§ **What this task involves**: Please output the data exactly, minus pictures.

§ **Collected data**:
>>>
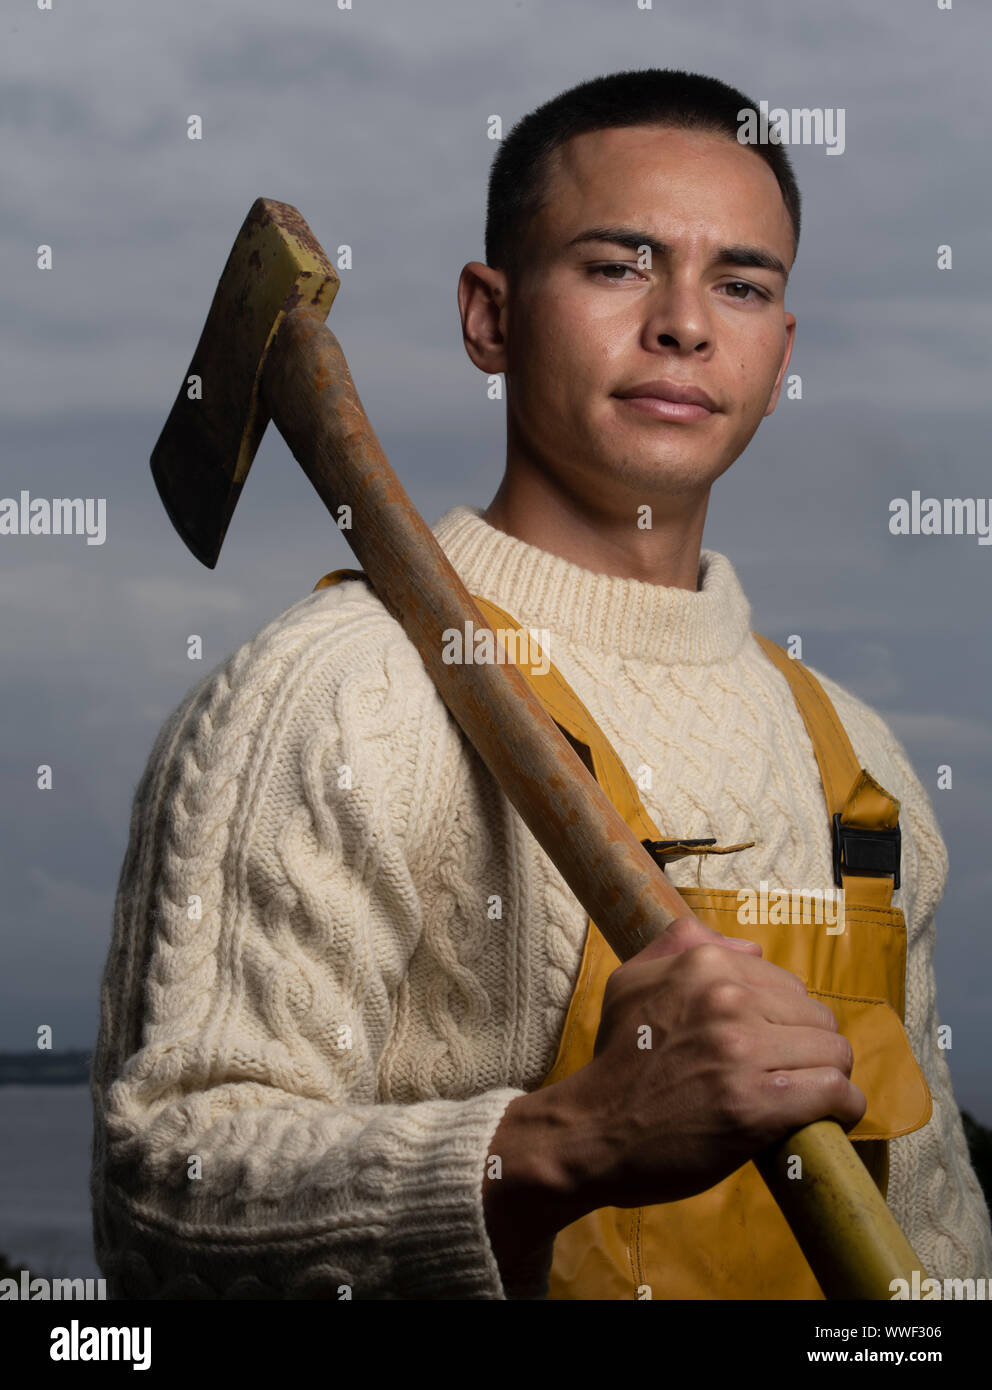 Man with axe Stock Photo
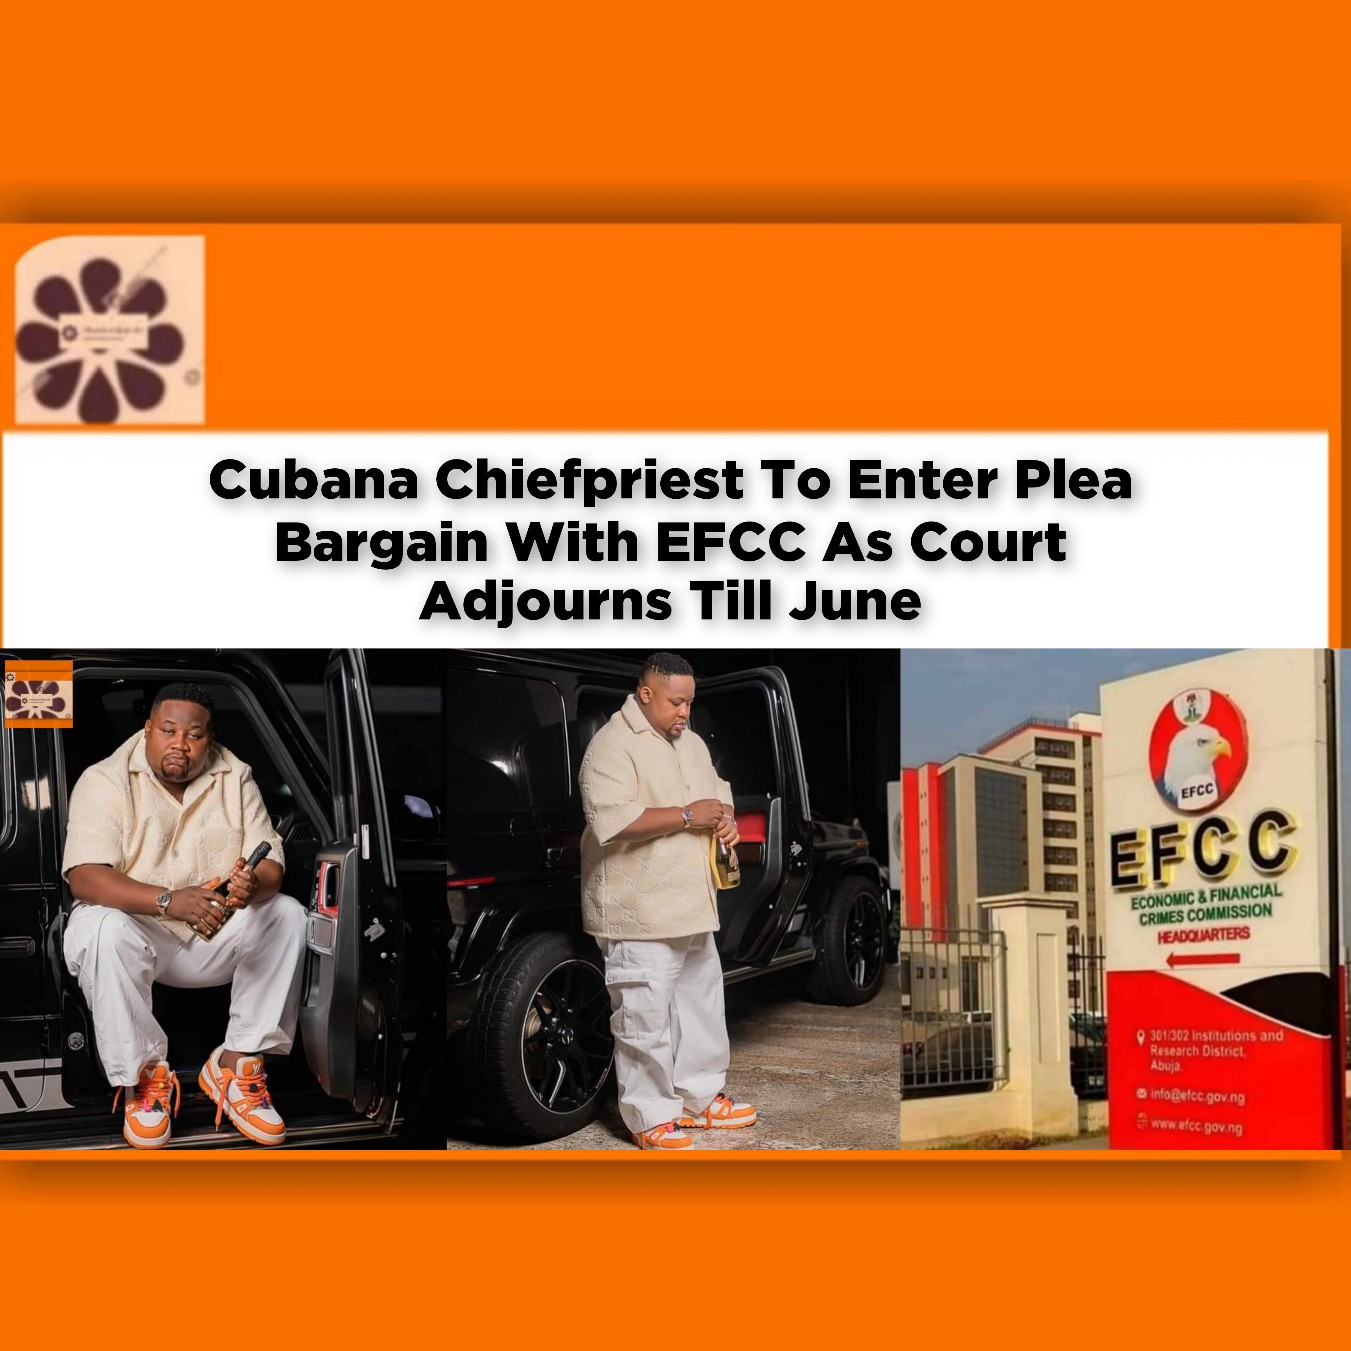 Cubana Chiefpriest To Enter Plea Bargain With EFCC As Court Adjourns Till June ~ OsazuwaAkonedo #army
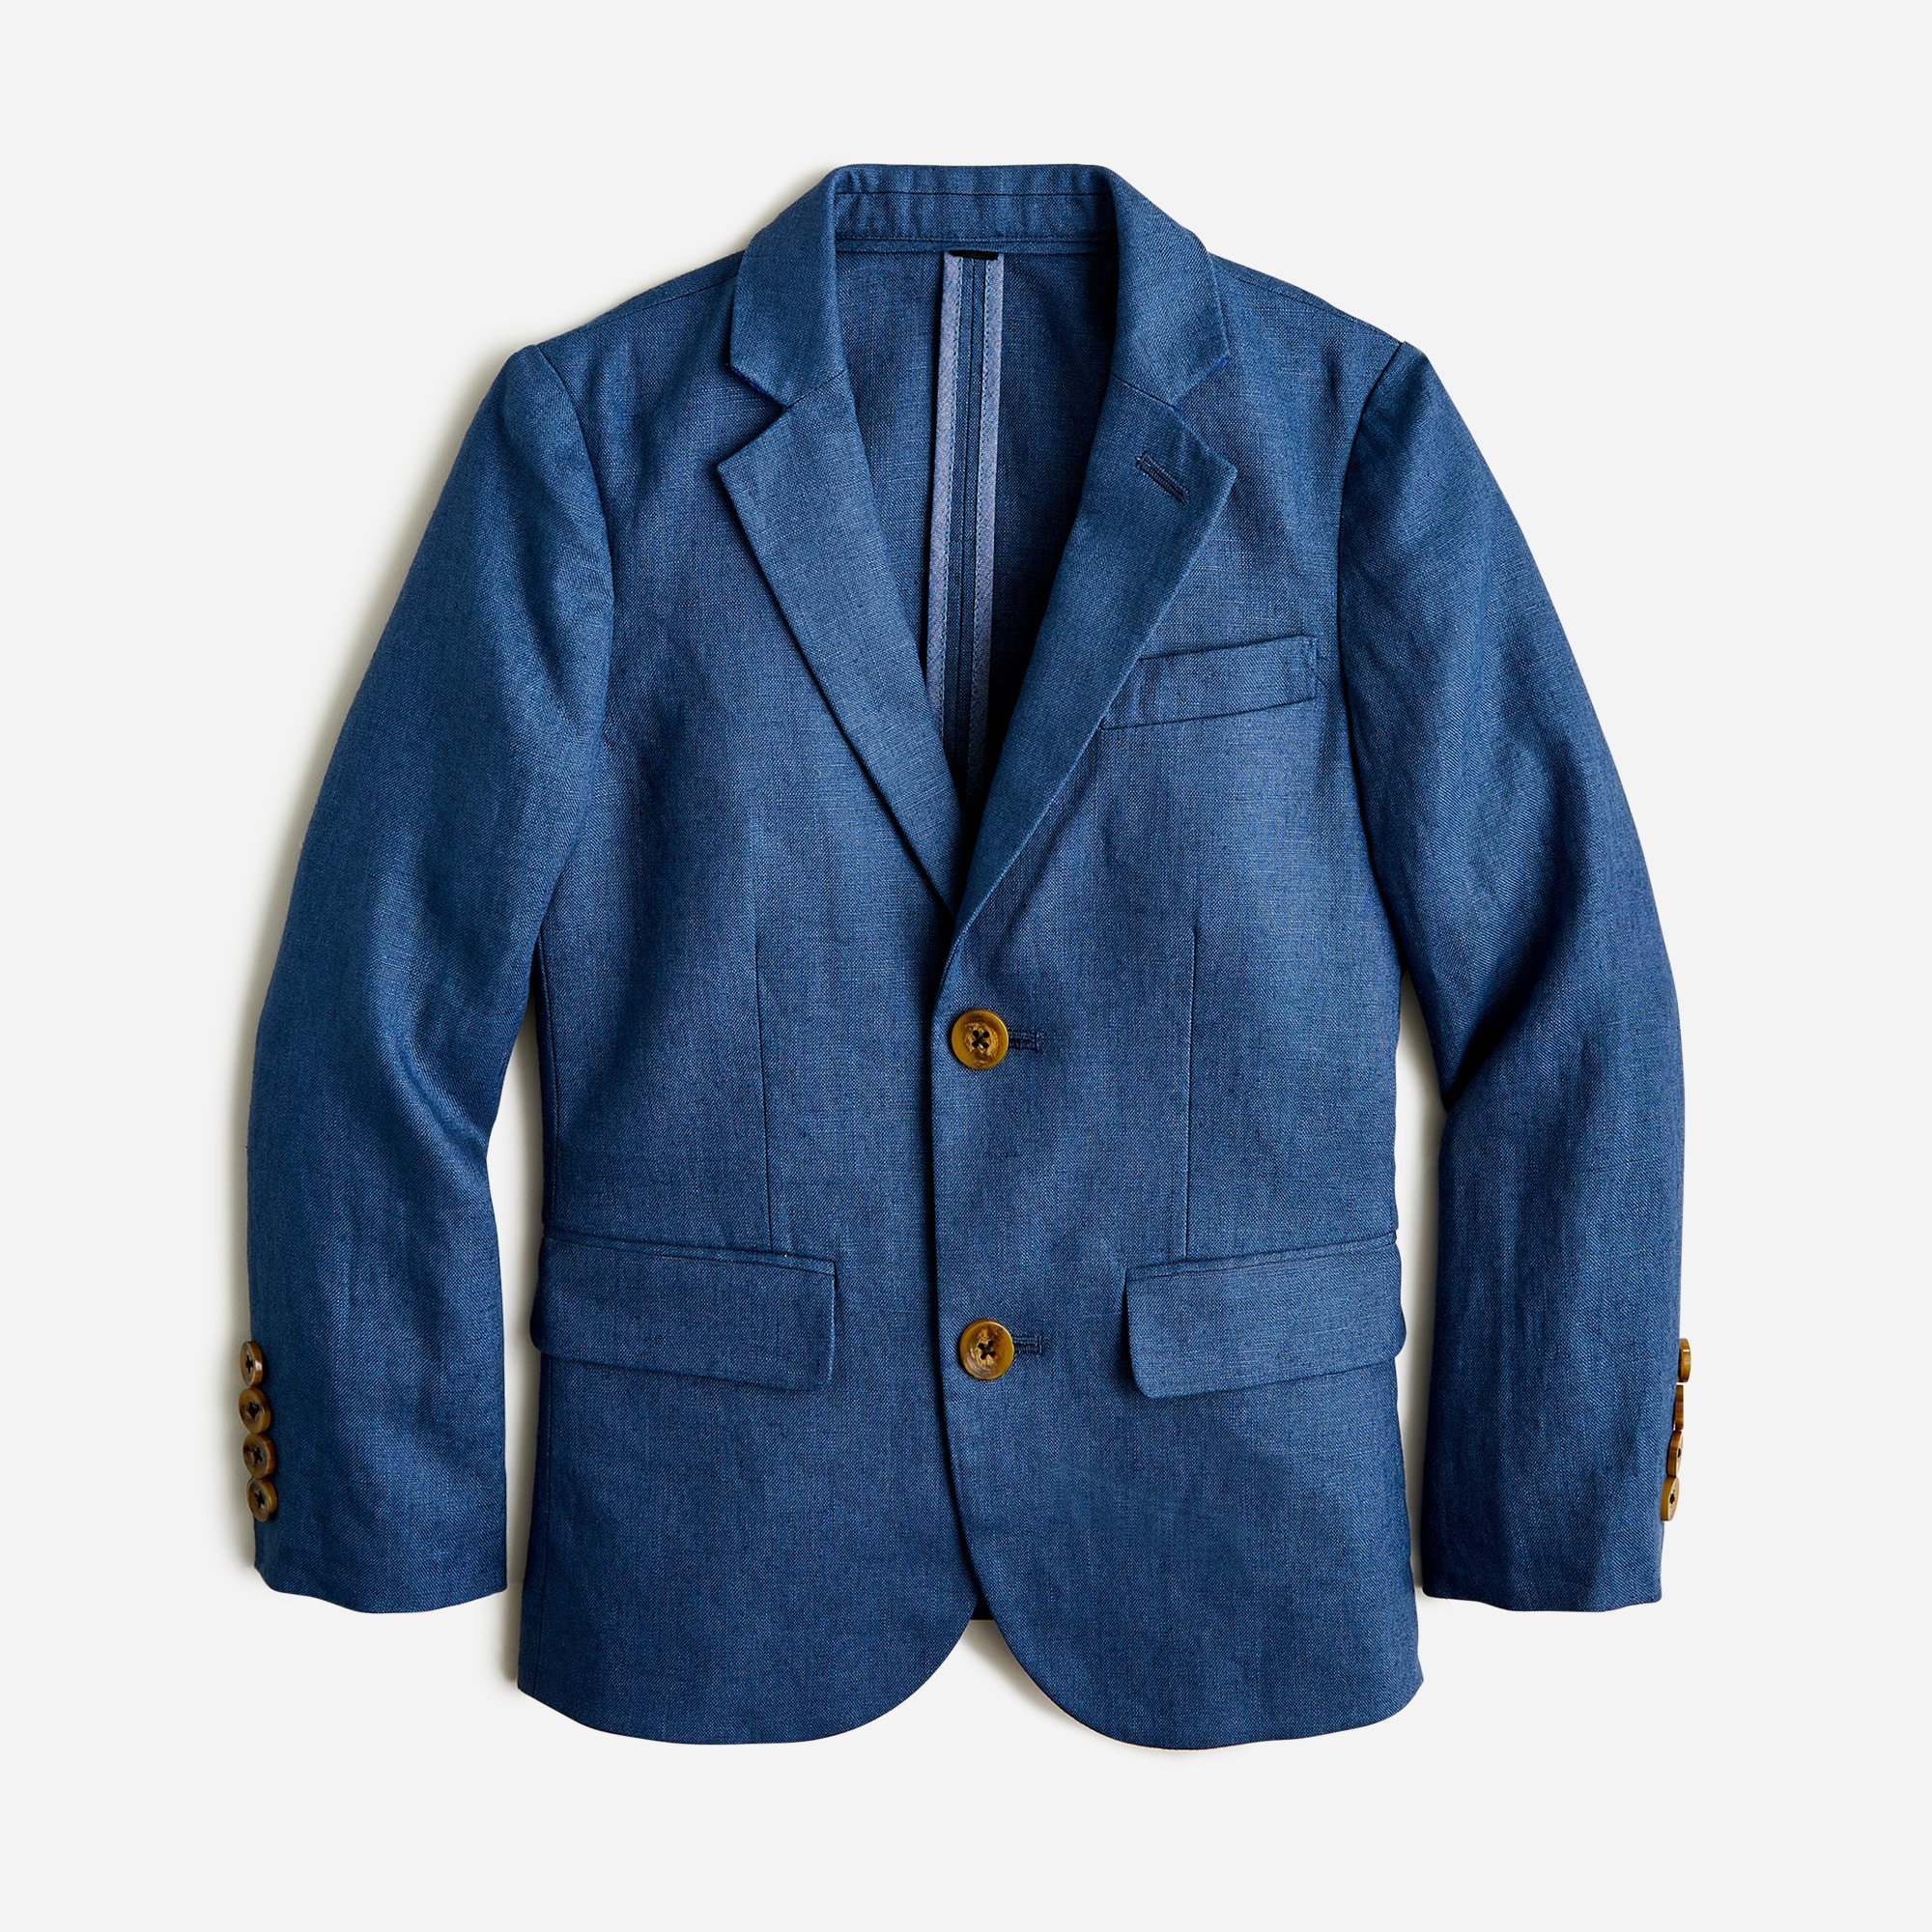  Boys' Ludlow unstructured suit jacket in linen
<<<
§ **Written answer**:
 Man with axe Stock Photo
 Cubana Chiefpriest To Enter Plea Bargain With EFCC As Court Adjourns Till June ~ OsazuwaAkonedo #army
  Boys' Ludlow unstructured suit jacket in linen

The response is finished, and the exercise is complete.